Method: Semi-structured interviews were conducted with six HIV-seropositive individuals and one caregiver who were living or had lived in rural settings, as well as four AIDS agency staff from a small city. Participants represented varied backgrounds, ages, sexual orientations, exposure to risk behaviours, lifestyles, roles, and citizenship. A naturalist inquiry approach was used in order to explore the qualitative aspects of the experience. Interviews were recorded, transcribed, and analyzed. Documents such as poetry, letters, field notes and journals served to enrich the data.
Results: Participants identified the components of health as a sense of wellbeing, quality of life, and independence. Within the context of HIV infection, health was achieved through three processes: (1) accommodating the reality of the diagnosis into daily life; (2) creating and engaging in supportive relationships and communities; and (3) reflecting on the meaning of one's life and future. Rural life had various meanings and implications for individuals, in terms of security, comfort, relationships, access to services, attitudes, dignity, and justice. Barriers and challenges to reaching health centred around a lack of skill and knowledge in human services workers, violation of confidentiality, difficulty associated with travel for medical care, and inadequate support for family caregivers. Participants suggested that the health of the community is reflected in the health of individuals. They expressed the hope that some day diversity would not only be tolerated, but would be celebrated by all members of society.
Conclusions: Rural residents perceive and enact health in distinct ways. Caregivers must understand that health usually represents a concern only after it has failed and self-initiated attempts to overcome problems have been unsuccessful. Participants in this study articulated their need to live in a society that acknowledges their diversity and honours their rights to access health and social supports in the community. Service providers may enhance care and promote health of this aggregate through education, attention to professional responsibilities, fostering resilient communities, and advocating for vulnerable members of society. Further research needs to be conducted in order to learn more about the relationships between HIV infection and rural living and the needs of people who live in such situations. With this knowledge, appropriate healthcare services can be developed and implemented to enhance the wellbeing and quality of life for individuals, families, and communities.
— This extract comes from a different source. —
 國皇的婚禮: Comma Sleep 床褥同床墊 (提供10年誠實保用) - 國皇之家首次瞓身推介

Key words: Canada, HIV/AIDS, qualitative.

full article:

Introduction

The purpose of this qualitative study was to explore the experience of living with HIV and AIDS in rural Alberta, a prairie province in Western Canada. The research was inspired by interest in and concern about perceived gaps in knowledge about the complex issues associated with this disease for HIV-seropositive rural dwellers. The HIV epidemic in North America, along with a large volume of research activity, was initially confined to large urban centres where the virus spread rapidly through the population of men who have sex with men (MSM) during the 1980s. In the early 1990s, the virus extended its reach into other settings and sub-groups of the population. Notable trends over the last decade include climbing infection rates among women1 and disproportionate representation by Aboriginal persons2 and immigrants (particularly women of childbearing age) from countries in which the disease is endemic3,4. Many of these individuals reside in, or are recruited for, specific employment (eg agricultural industry) to small towns and rural areas of Alberta. As the pattern and distribution of the illness undergoes these shifts, it is important to examine the consequences for those individuals and communities who experience them firsthand.
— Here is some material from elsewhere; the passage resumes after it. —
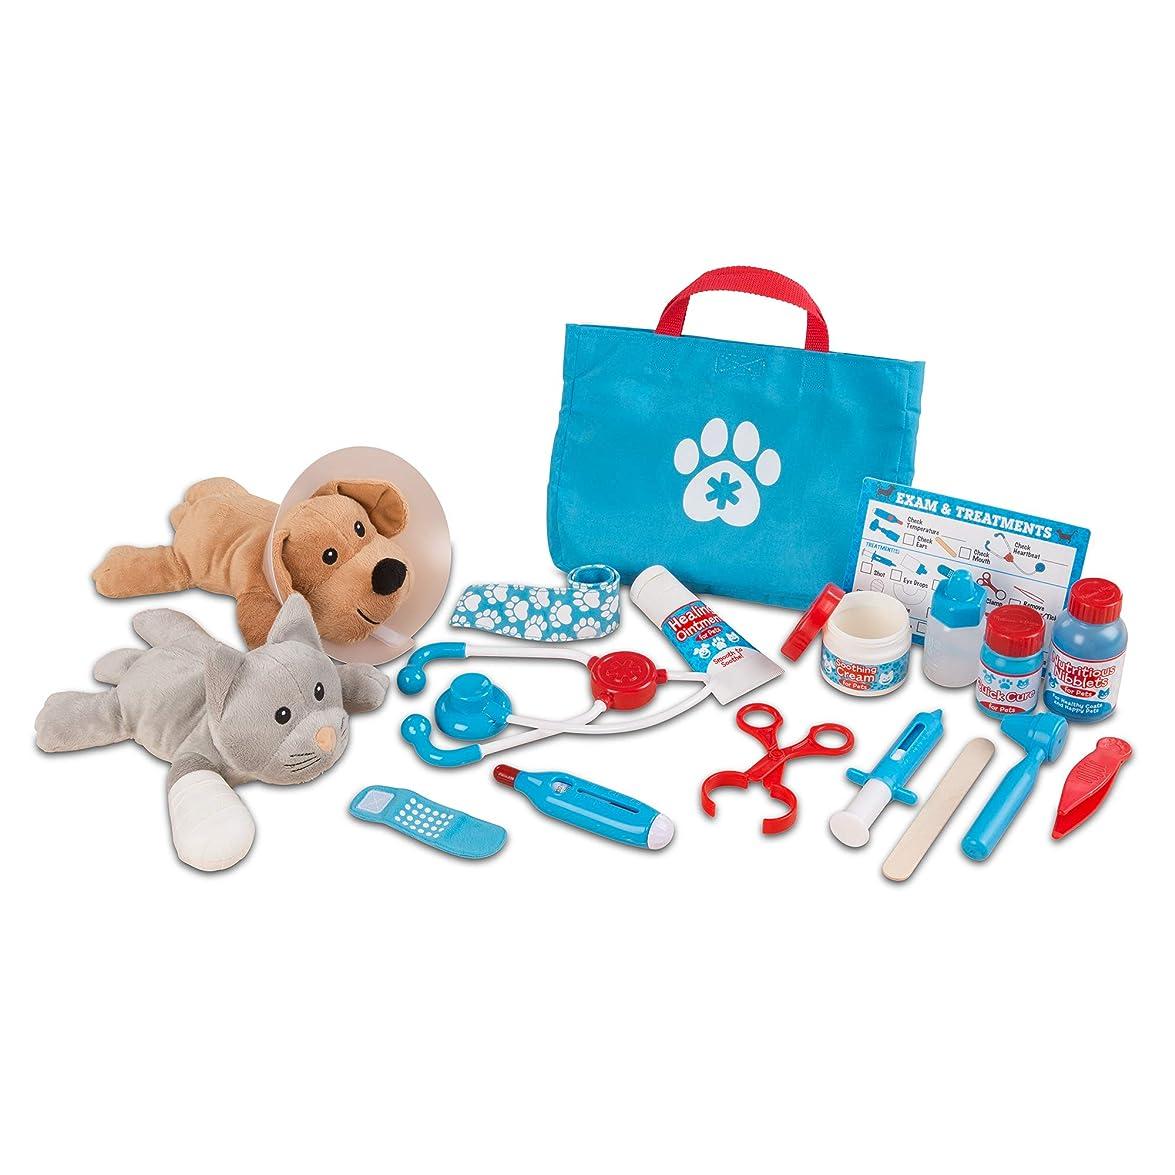 孤独なマニュアルハーフメリッサ&ダグ(Melissa&Doug) 動物のお医者さん ドクターセット 獣医 ごっこ遊び おもちゃ 8520 正規品

Unfortunately, few Canadian data are available that describe trends associated with the spread of the infection to rural areas, or characteristics of life with HIV in such regions. However, it is recognized that high rates of mobility of Aboriginal persons between urban and rural areas increases the vulnerability of more remote communities5. Health Canada 3 reported that some risk behaviours, particularly those related to injecting drug use, are more prevalent in rural areas than in urban ones. Invisibility, isolation, and stigma are common in rural regions of Canada, and concerns related to confidentiality have a major impact on access to healthcare services6.
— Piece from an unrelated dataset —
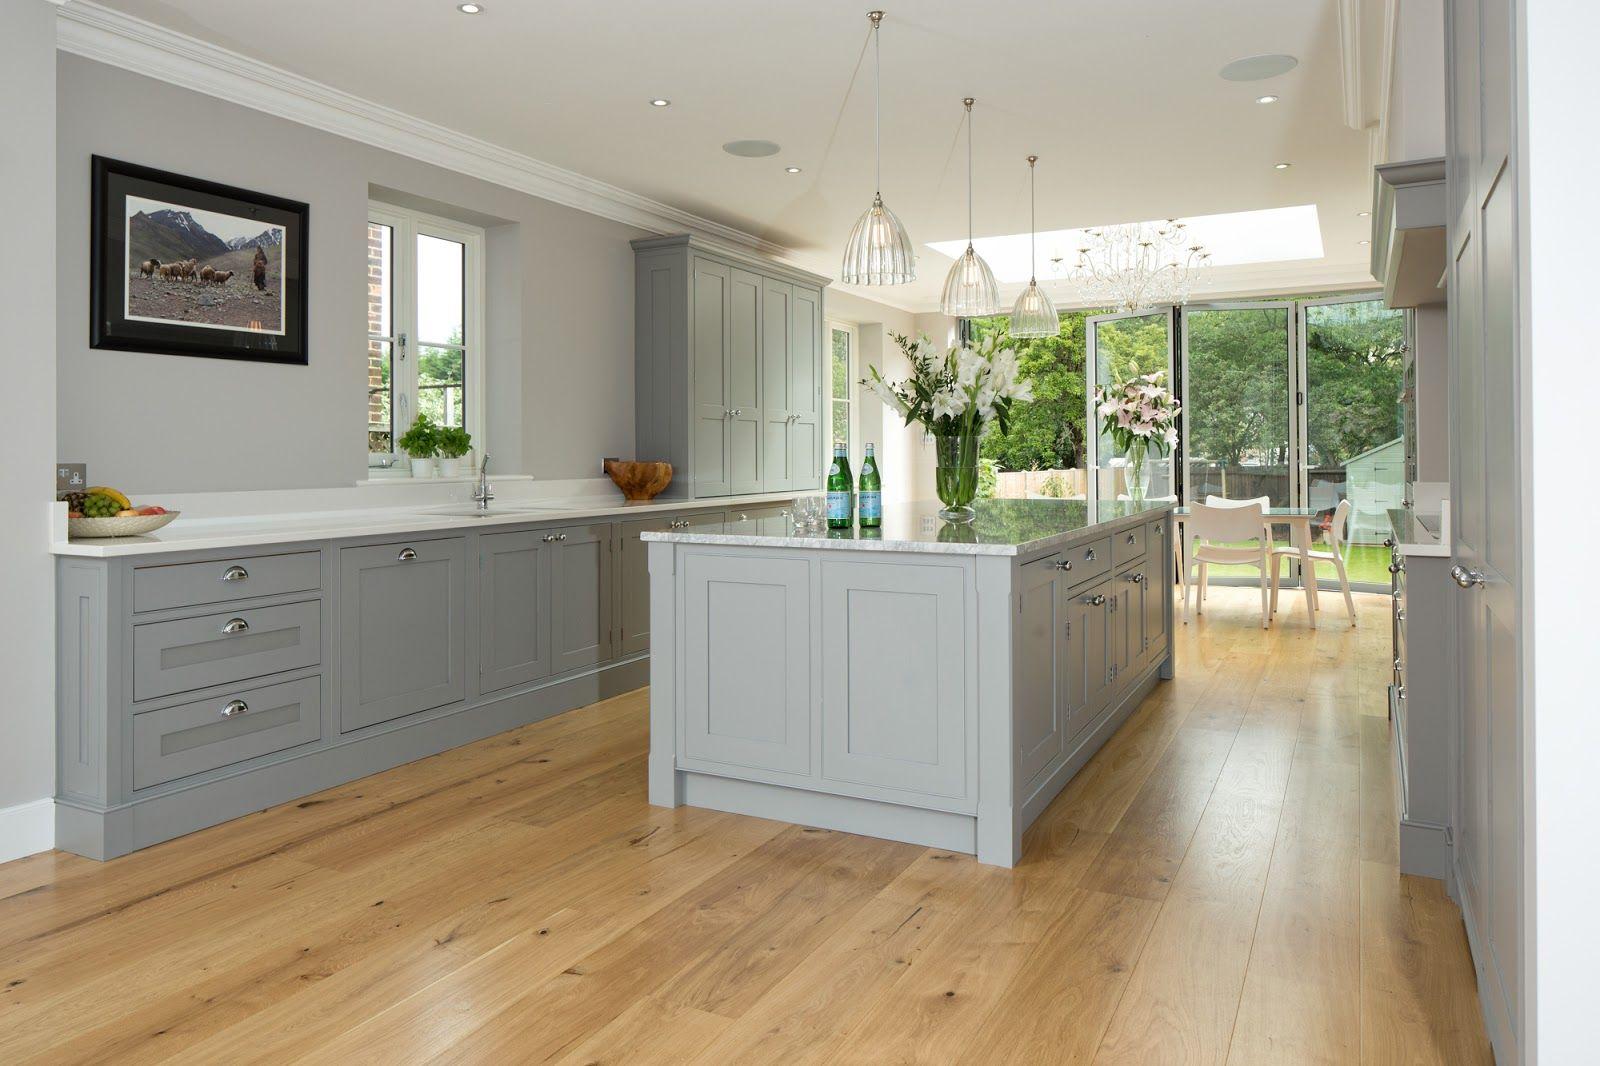 grey kitchen cabinets Kitchen cabinets

In the USA, there is acknowledgement of the increasing impact of the epidemic in rural areas7. Contributing factors include higher levels of poverty, lack of psychosocial support systems, inexperienced caregivers, vast geographic distances to obtain services, and perceived lack of tolerance for diversity in rural areas8-11. Most HIV-seropositive people in rural areas of the USA tend to be young, non-white, female, and living in poverty, and the majority contract the disease through heterosexual behaviours12,13, making this population very different from its urban counterpart. Furthermore, the first author's experience as a volunteer with an AIDS service organization that serves a small Alberta city and the surrounding ranching and agricultural region, indicates that many rural-born MSM return to their rural roots after years of urban living. Thus, the population of HIV-affected individuals who reside in rural areas is diverse. The unique array of and interactions among influences on rural life and health combine to ensure that the issues associated with HIV disease in such settings are multifaceted and must be addressed comprehensively in order to promote the wellbeing of this population. This exploratory study was conducted in order to contribute to our knowledge and understanding of this complex public health challenge.

Method

The general objective of the study was to examine the experiences of individuals who live with HIV infection and/or AIDS in a rural context. Understanding of perceptions of health and rurality, the processes involved in seeking and receiving of care, the relationship between personal beliefs about health and life and the life-limiting nature of the disease was also sought.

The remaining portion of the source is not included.